The intent to provide a better environment for kids is a good one, Holcomb said, but he has questioned that impulse since the death of his son.
"The boys would still be at my house if there wasn't that problem with the Southern Section," he said. "The irony for me is that I wanted the boys to see what the good life is all about. But after they left, their brother Mike wrapped himself around a tree. I wanted to offer protection for these boys and I couldn't even provide it for my own son."
Where they are now:
The first of the Holcomb bunch to establish himself, Carter (5-11, 175) was the Valley-area's top sophomore and one of the area's best backs last year. He rushed for 1,190 yards and caught 13 passes for 184 yards for Kennedy. "He electrified people last year," Kennedy Coach Bob Francola said. And Francola expects more fireworks this season. "He's bigger and stronger this year," he said. "You're going to see a running back nearly as good as Russell White. He has great speed and he's tough."

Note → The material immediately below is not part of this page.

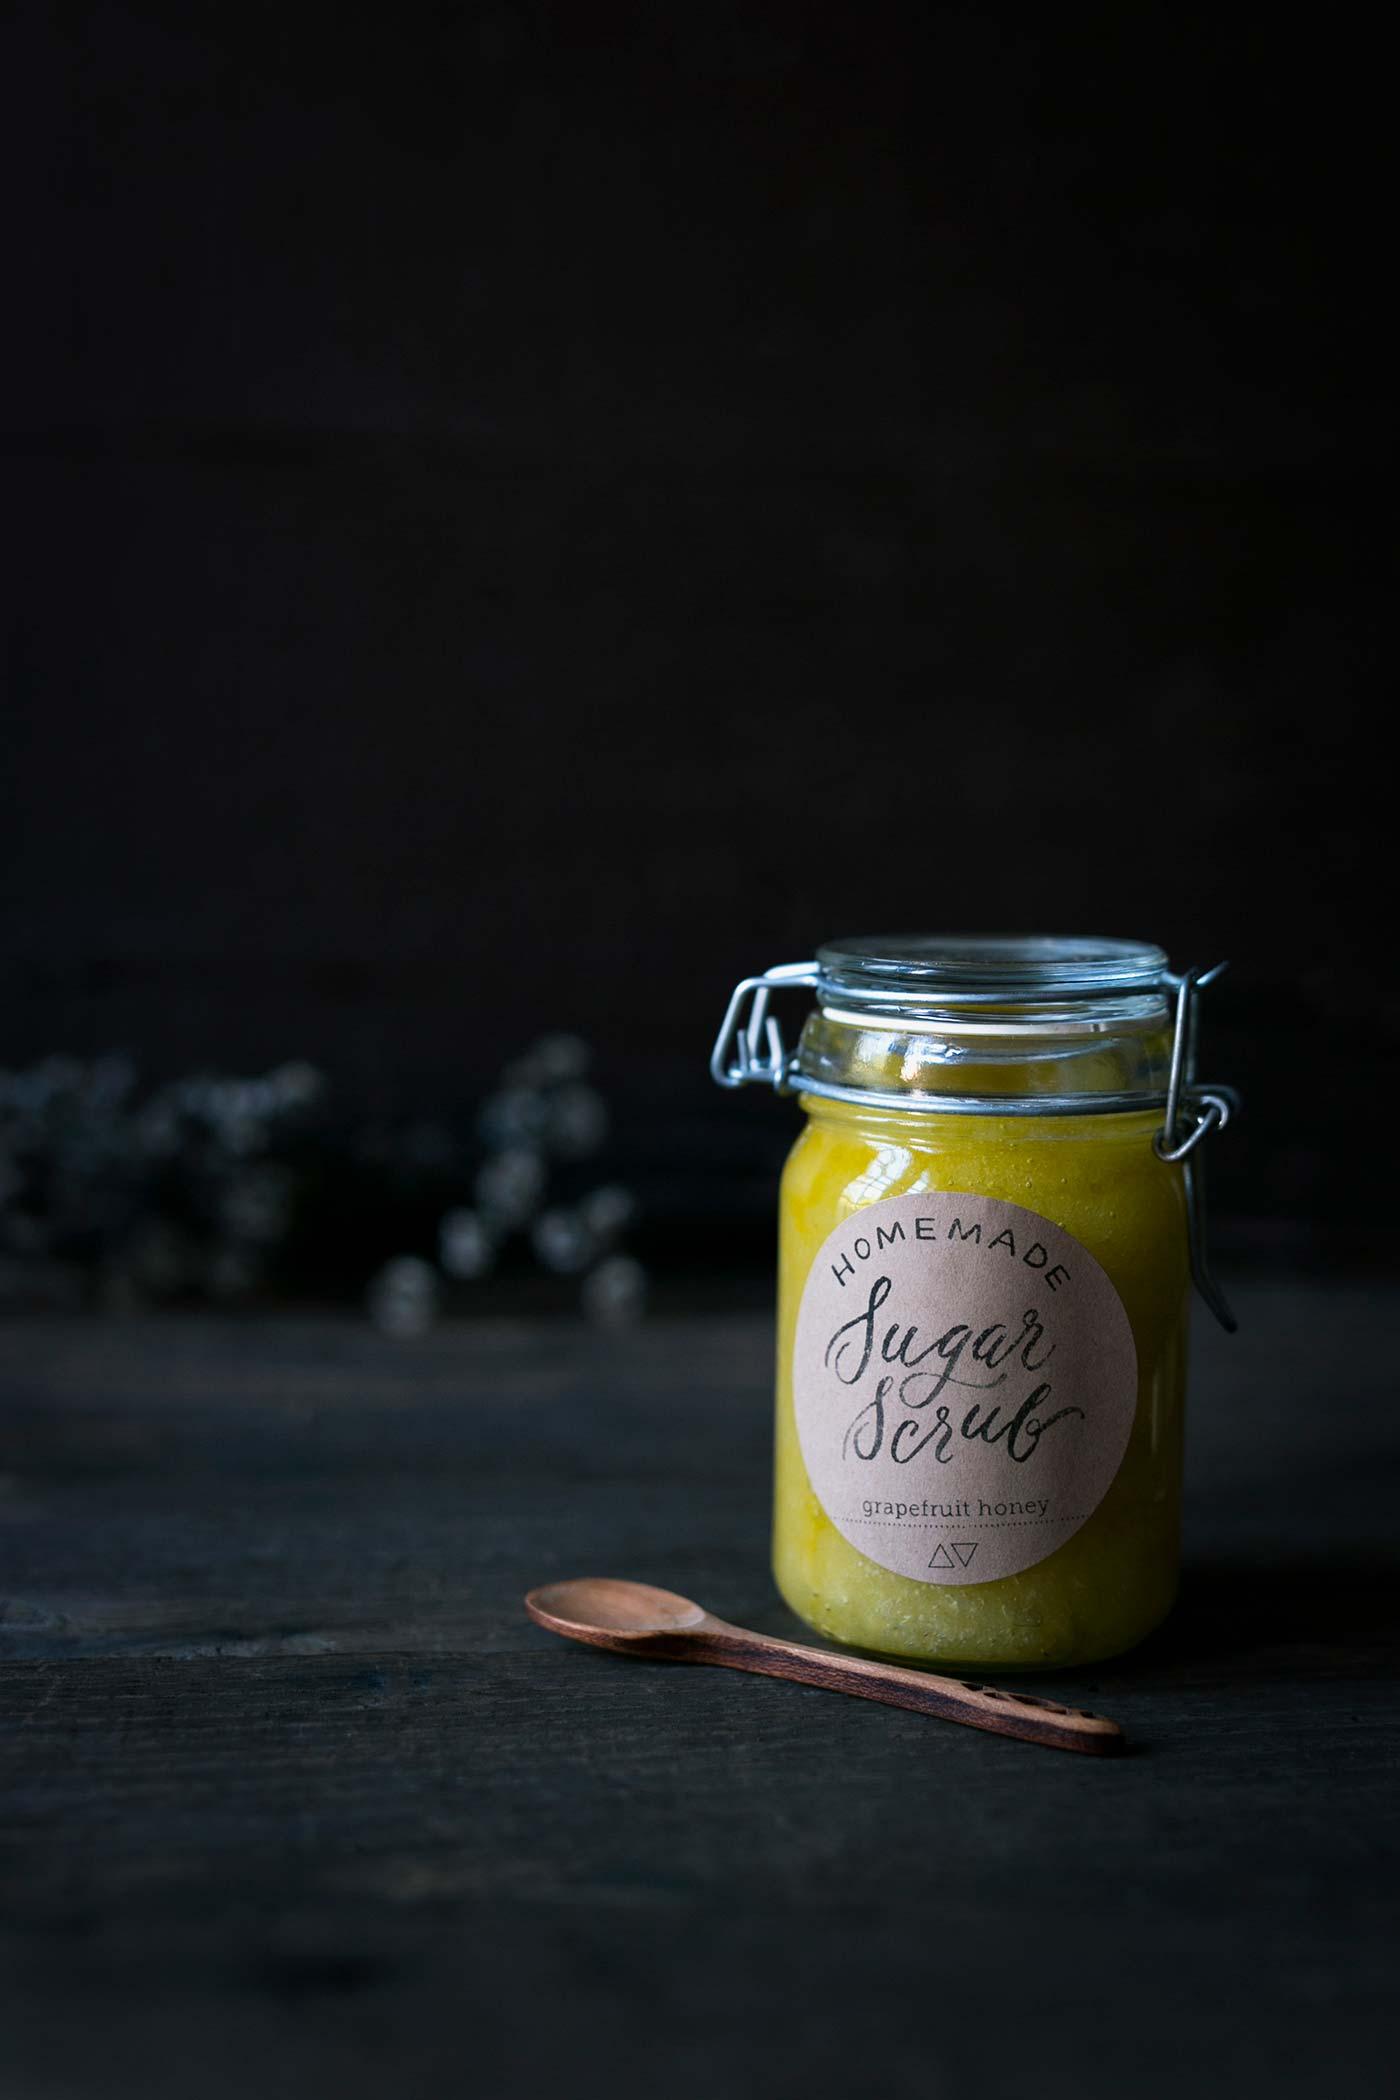 Homemade Sugar Scrub in a mason jar

Crowe also endured a personal tragedy this summer. The ensuing personal problems he felt in the wake of the death of his grandmother kept him off the practice field much of the summer. But Chatsworth Coach Myron Gibford is willing to be patient. Crowe (5-11, 175) has been impressive since the start of two-a-day drills this week. "We expect great things from him," Gibford said. "He has great acceleration and can run with anybody."
Alemany Coach Pat Blackburn calls Brison the team's top defensive back and a punishing runner. Brison packs 180 pounds on a 5-7 frame and he timed 10.9 in the 100 meters last year as a freshman. "When he breaks into the open and you try to tackle him, you pay for it," Blackburn said. Brison will share playing time in the backfield with Terry Barnum, who scored 28 touchdowns for the freshman team last year.
Brown gained all of 22 yards last year as a backup to Russell White and then missed summer workouts to improve his grades. He attended summer school at Montclair Prep to wipe out a failing mark and showed up for one workout at San Fernando. He has returned to Crespi a little out of shape but is still a prospect. "He's talented, has very good speed and is making great cuts in practice," Crespi Coach Tim Lins said. Brown will compete with Lucas Freeman at tailback.
The only wide receiver of the group, Holcomb will get a world of action his first year on the Westlake varsity. The 6-0, 155-pound sophomore will start on offense and in the defensive secondary and will return punts. "If he comes off the field the whole season, I'll be surprised," Coach Jim Benkert said. "He's been very impressive. He catches everything and he's a sure tackler."